Entre otros pescados argentinos con omega 3, se pueden contar la caballa, el bonito, las anchoas y el atún. Los mariscos también poseen alto contenido de omega 3 a pesar de ser bajos en grasas, como por ejemplo los langostinos, los calamares, los mejillones y las almejas.

Algunos pescados de río también tienen omega 3, según un estudio que se hizo en la Argentina y fue avalado por la Sociedad Argentina de Nutrición (SAN). Son el surubí, el dorado y la boga.

“Depende del lugar donde se crían los peces es la calidad de la grasa que desarrollan”, explicó la nutricionista Jorgelina Latorraga (MN 42.883), del equipo médico de Wellness de la obra social ASE Nacional.

Para la nutricionista es recomendable “adaptarse” a las fuentes de alimentación que brinda el ambiente. “Es importante que podamos comer tanto leche de la vaca como pescado, dependiendo de dónde estemos. Somos libres de ir probando. Yo recomiendo que siempre se empiece por una vez por semana: elegir la recomendación del día en la pescadería y arrancar por ahí, buscando recetas”.

“Si tengo el mero en oferta, lo mejor es buscar en Internet como hacerlo y muchas veces los que venden pescado también te explican. Si tiene espinas y no sé sacarlas, se puede desarmar con la mano y hacer en albóndigas. Si me molesta el olor, hacerlo en papel aluminio al horno o a la parrilla”, sugiere.

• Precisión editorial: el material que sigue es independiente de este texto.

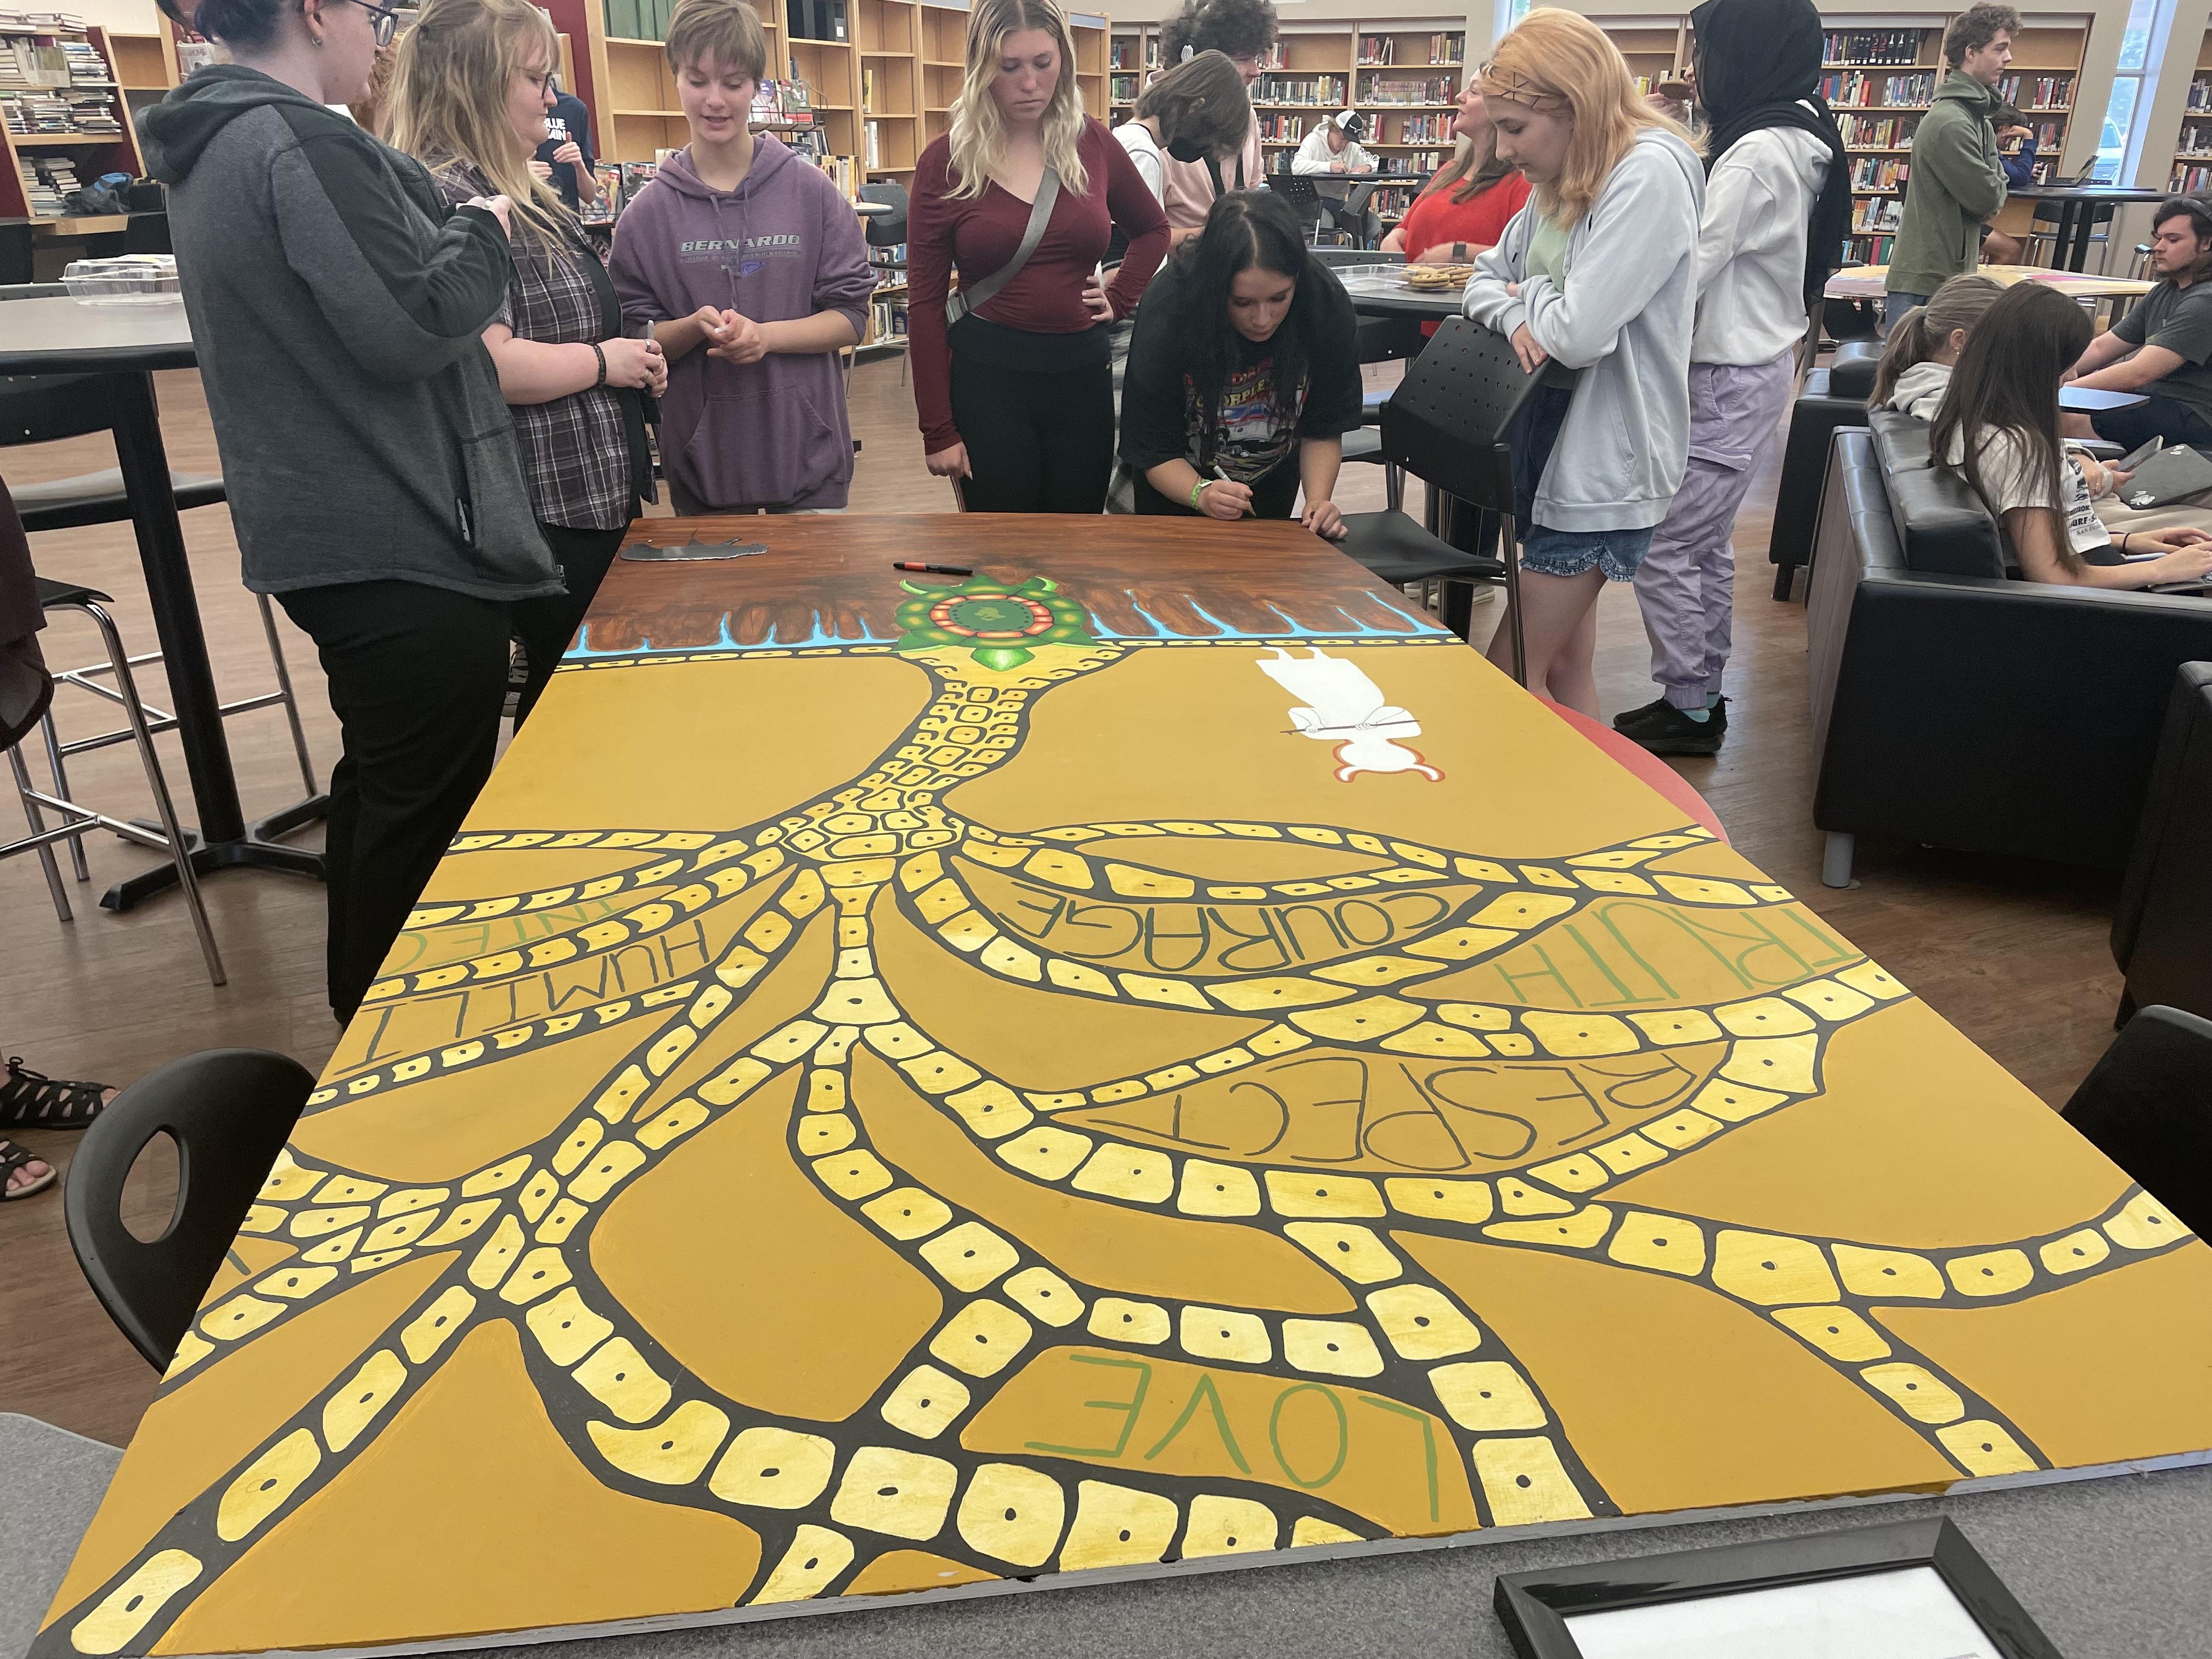 Image of students signing the art piece while it rests on a table

Las Guías Alimentarias para la Población Argentina (GAPA) recomiendan incluir el consumo de pescados dos o más veces por semana, otras carnes blancas dos veces por semana y carnes rojas hasta tres veces por semana.

La idea es que no hay un pescado mejor que otro. En las provincias con litoral, se consume la pesca de su flota costera que va variando según la temporada. Ushuaia es famosa por la oferta de merluza negra y centolla, mientras que en las orillas del Paraná es común el consumo de sábalo, boga, dorado y surubí.

Latorraga sugiere también usar pescado en lata para empezar a incorporarlo. “Hay de atún, caballa o sardinas. Hay que tener en cuenta que ya traen sodio, pero es práctico, no tiene olor y sirve para empezar. Algo muy sencillo, por ejemplo, es hacer albondiguitas con trigo burgol y caballa. Y así hay miles de recetas, que no están en nuestra cabeza, pero son super simples”.

Para una dieta de 2.000 calorías, la recomendación de la porción diaria de pescado es de entre 200 y 300. Es decir que se podría comer dos veces al día en un tamaño aproximado que ocupe la cuarta parte del plato.

“Por lo general, el pescado sigue siendo un producto caro y de difícil aceptación en el mercado, por lo que la industria comenzó a comercializar el aceite de krill en cápsulas como suplemento para quienes quieren consumir omega 3″, detalla la nutricionista.

No hay restricciones ni demasiada complejidad para cocinarlos, pero la carne de pescado -como la de cerdo y vaca- también tiene sus secretos. Lo principal es cerciorarse de que el pescado esté en condiciones y después tener algunos tips para incorporarlo y prepararlo.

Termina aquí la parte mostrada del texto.